Crime may be eternal and exist everywhere, but in Los Angeles it tends to be spectacular, and never more so than when it involves Hollywood.
Thus, L.A. Noir, TheWrap’s new column that will look at how and where the entertainment industry, politics and our city’s criminal justice system collide.
While “noir” is sometimes regarded as a cyclical fashion in film and literature, there is — in this town that Orson Welles dubbed “a bright and guilty place” — a vibrant culture of corruption that never goes out of style.
Crime, celebrity obsession and speed-of-thought communications technology have combined to make Los Angeles the city of the permanent trial. It isn’t enough that crime happens — the public’s and the media’s thirst for spectacle demands that at any given moment there be some court proceeding involving the bad behavior of celebrities or Industry figures.
Indeed, media coverage of crime and trials has replaced the once-common silences of the news cycle with a scandalous white noise. At any given moment, someone whose name we recognize or who is connected to a movie or TV show we’ve seen, has to be on the witness stand, has to be chased to his or her car by reporters.
This is the way news has changed and the way we’ve changed as audiences. This transformation has had profound effects on the organizations that gather news and on the personalities who report it. Nine times out of 10 you will find the chipper TV reporters who have just delivered a 90-second recap of a celebrity trial on Temple Street hanging their heads on a bench inside the courthouse lamenting the state of broadcast news.

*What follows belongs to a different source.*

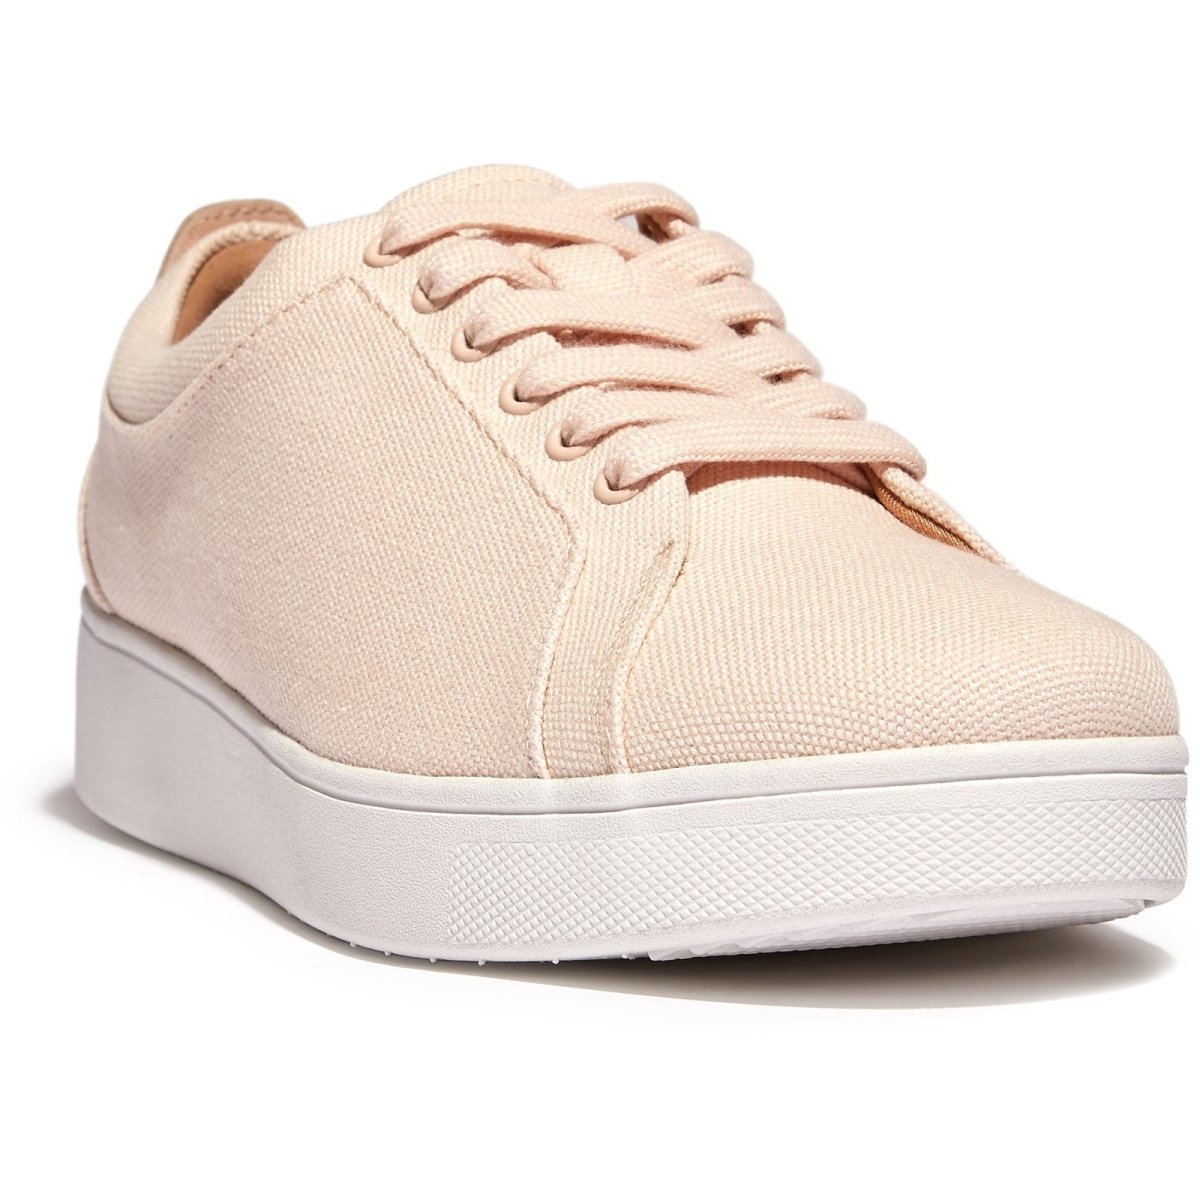 Fitflop Rally Canvas Ladies Trainer Sneakers - Shoe Store Direct

Which is why L.A. Noir will include coverage of the rapidly changing media, as well as the political forces whose actions often shape – or are shaped by – the media, the courts and the Industry.
A word about myself.
I come to TheWrap after covering pop culture and politics for 25 years on the staff of the L.A. Weekly. I began writing as a theater critic, but before long took to sitting in on murder trials for the Wonderland and Cotton Club cases. I also watched court proceedings involving the mass of Angelenos who were herded before bored judges and processed like applicants at a DMV office.
Yet high-profile or no-profile, I discovered later from covering the trials of Robert Blake, Phil Spector and Anthony Pellicano that L.A.’s courts provide us with our bread and circuses.
Like the greatest dramas, trials are about people in trouble — two sides in conflict, with one of those sides telling a lie while the other tries to expose a secret. Join us as we dig deeply into the dark corners of Los Angeles and Hollywood, those narrow margins where the sunshine never reaches.